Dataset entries
____

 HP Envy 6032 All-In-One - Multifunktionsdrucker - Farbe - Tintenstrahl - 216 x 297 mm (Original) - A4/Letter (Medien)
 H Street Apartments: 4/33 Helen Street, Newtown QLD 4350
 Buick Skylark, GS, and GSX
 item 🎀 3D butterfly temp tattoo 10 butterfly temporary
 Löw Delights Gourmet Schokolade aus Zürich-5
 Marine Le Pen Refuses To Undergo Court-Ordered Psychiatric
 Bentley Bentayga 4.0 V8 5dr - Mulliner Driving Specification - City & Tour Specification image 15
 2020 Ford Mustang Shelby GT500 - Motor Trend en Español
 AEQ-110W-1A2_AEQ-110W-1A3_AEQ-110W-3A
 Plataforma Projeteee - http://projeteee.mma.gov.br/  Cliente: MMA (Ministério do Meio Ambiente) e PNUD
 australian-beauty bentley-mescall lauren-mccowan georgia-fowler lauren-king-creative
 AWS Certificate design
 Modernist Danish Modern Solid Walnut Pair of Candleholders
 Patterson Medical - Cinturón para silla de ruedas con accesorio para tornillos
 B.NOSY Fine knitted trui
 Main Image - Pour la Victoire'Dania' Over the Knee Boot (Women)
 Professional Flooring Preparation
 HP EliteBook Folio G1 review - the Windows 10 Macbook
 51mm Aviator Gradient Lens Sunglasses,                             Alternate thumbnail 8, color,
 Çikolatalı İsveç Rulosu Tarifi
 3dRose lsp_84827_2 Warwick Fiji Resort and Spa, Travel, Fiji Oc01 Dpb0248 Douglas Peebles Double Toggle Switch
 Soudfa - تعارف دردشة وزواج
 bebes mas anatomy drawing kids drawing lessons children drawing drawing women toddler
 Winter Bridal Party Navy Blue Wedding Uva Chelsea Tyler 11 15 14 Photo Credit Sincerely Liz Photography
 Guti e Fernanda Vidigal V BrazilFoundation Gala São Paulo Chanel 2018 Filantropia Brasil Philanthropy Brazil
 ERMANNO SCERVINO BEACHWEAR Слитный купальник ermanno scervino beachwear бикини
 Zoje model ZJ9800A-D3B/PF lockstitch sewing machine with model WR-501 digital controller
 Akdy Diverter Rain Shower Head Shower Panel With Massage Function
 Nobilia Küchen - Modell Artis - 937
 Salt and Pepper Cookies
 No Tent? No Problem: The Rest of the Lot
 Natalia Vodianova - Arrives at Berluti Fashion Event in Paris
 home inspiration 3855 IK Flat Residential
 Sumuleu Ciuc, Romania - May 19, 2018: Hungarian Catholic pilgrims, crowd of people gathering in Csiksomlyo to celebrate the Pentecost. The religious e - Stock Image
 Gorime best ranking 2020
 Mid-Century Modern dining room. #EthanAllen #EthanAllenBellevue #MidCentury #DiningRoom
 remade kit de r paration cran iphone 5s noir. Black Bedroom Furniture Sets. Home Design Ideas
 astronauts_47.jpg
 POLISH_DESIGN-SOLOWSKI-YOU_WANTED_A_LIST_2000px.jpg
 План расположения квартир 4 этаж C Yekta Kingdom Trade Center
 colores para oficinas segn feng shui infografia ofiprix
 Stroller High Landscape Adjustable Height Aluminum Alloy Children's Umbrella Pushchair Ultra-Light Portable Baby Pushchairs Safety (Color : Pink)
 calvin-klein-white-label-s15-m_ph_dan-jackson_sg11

____

WHAT THE TASK REQUIRES: Exactly as they appear above, the records are to be transcribed in full.

SOLUTION TO THIS EXERCISE:
 HP Envy 6032 All-In-One - Multifunktionsdrucker - Farbe - Tintenstrahl - 216 x 297 mm (Original) - A4/Letter (Medien)
 H Street Apartments: 4/33 Helen Street, Newtown QLD 4350
 Buick Skylark, GS, and GSX
 item 🎀 3D butterfly temp tattoo 10 butterfly temporary
 Löw Delights Gourmet Schokolade aus Zürich-5
 Marine Le Pen Refuses To Undergo Court-Ordered Psychiatric
 Bentley Bentayga 4.0 V8 5dr - Mulliner Driving Specification - City & Tour Specification image 15
 2020 Ford Mustang Shelby GT500 - Motor Trend en Español
 AEQ-110W-1A2_AEQ-110W-1A3_AEQ-110W-3A
 Plataforma Projeteee - http://projeteee.mma.gov.br/  Cliente: MMA (Ministério do Meio Ambiente) e PNUD
 australian-beauty bentley-mescall lauren-mccowan georgia-fowler lauren-king-creative
 AWS Certificate design
 Modernist Danish Modern Solid Walnut Pair of Candleholders
 Patterson Medical - Cinturón para silla de ruedas con accesorio para tornillos
 B.NOSY Fine knitted trui
 Main Image - Pour la Victoire'Dania' Over the Knee Boot (Women)
 Professional Flooring Preparation
 HP EliteBook Folio G1 review - the Windows 10 Macbook
 51mm Aviator Gradient Lens Sunglasses,                             Alternate thumbnail 8, color,
 Çikolatalı İsveç Rulosu Tarifi
 3dRose lsp_84827_2 Warwick Fiji Resort and Spa, Travel, Fiji Oc01 Dpb0248 Douglas Peebles Double Toggle Switch
 Soudfa - تعارف دردشة وزواج
 bebes mas anatomy drawing kids drawing lessons children drawing drawing women toddler
 Winter Bridal Party Navy Blue Wedding Uva Chelsea Tyler 11 15 14 Photo Credit Sincerely Liz Photography
 Guti e Fernanda Vidigal V BrazilFoundation Gala São Paulo Chanel 2018 Filantropia Brasil Philanthropy Brazil
 ERMANNO SCERVINO BEACHWEAR Слитный купальник ermanno scervino beachwear бикини
 Zoje model ZJ9800A-D3B/PF lockstitch sewing machine with model WR-501 digital controller
 Akdy Diverter Rain Shower Head Shower Panel With Massage Function
 Nobilia Küchen - Modell Artis - 937
 Salt and Pepper Cookies
 No Tent? No Problem: The Rest of the Lot
 Natalia Vodianova - Arrives at Berluti Fashion Event in Paris
 home inspiration 3855 IK Flat Residential
 Sumuleu Ciuc, Romania - May 19, 2018: Hungarian Catholic pilgrims, crowd of people gathering in Csiksomlyo to celebrate the Pentecost. The religious e - Stock Image
 Gorime best ranking 2020
 Mid-Century Modern dining room. #EthanAllen #EthanAllenBellevue #MidCentury #DiningRoom
 remade kit de r paration cran iphone 5s noir. Black Bedroom Furniture Sets. Home Design Ideas
 astronauts_47.jpg
 POLISH_DESIGN-SOLOWSKI-YOU_WANTED_A_LIST_2000px.jpg
 План расположения квартир 4 этаж C Yekta Kingdom Trade Center
 colores para oficinas segn feng shui infografia ofiprix
 Stroller High Landscape Adjustable Height Aluminum Alloy Children's Umbrella Pushchair Ultra-Light Portable Baby Pushchairs Safety (Color : Pink)
 calvin-klein-white-label-s15-m_ph_dan-jackson_sg11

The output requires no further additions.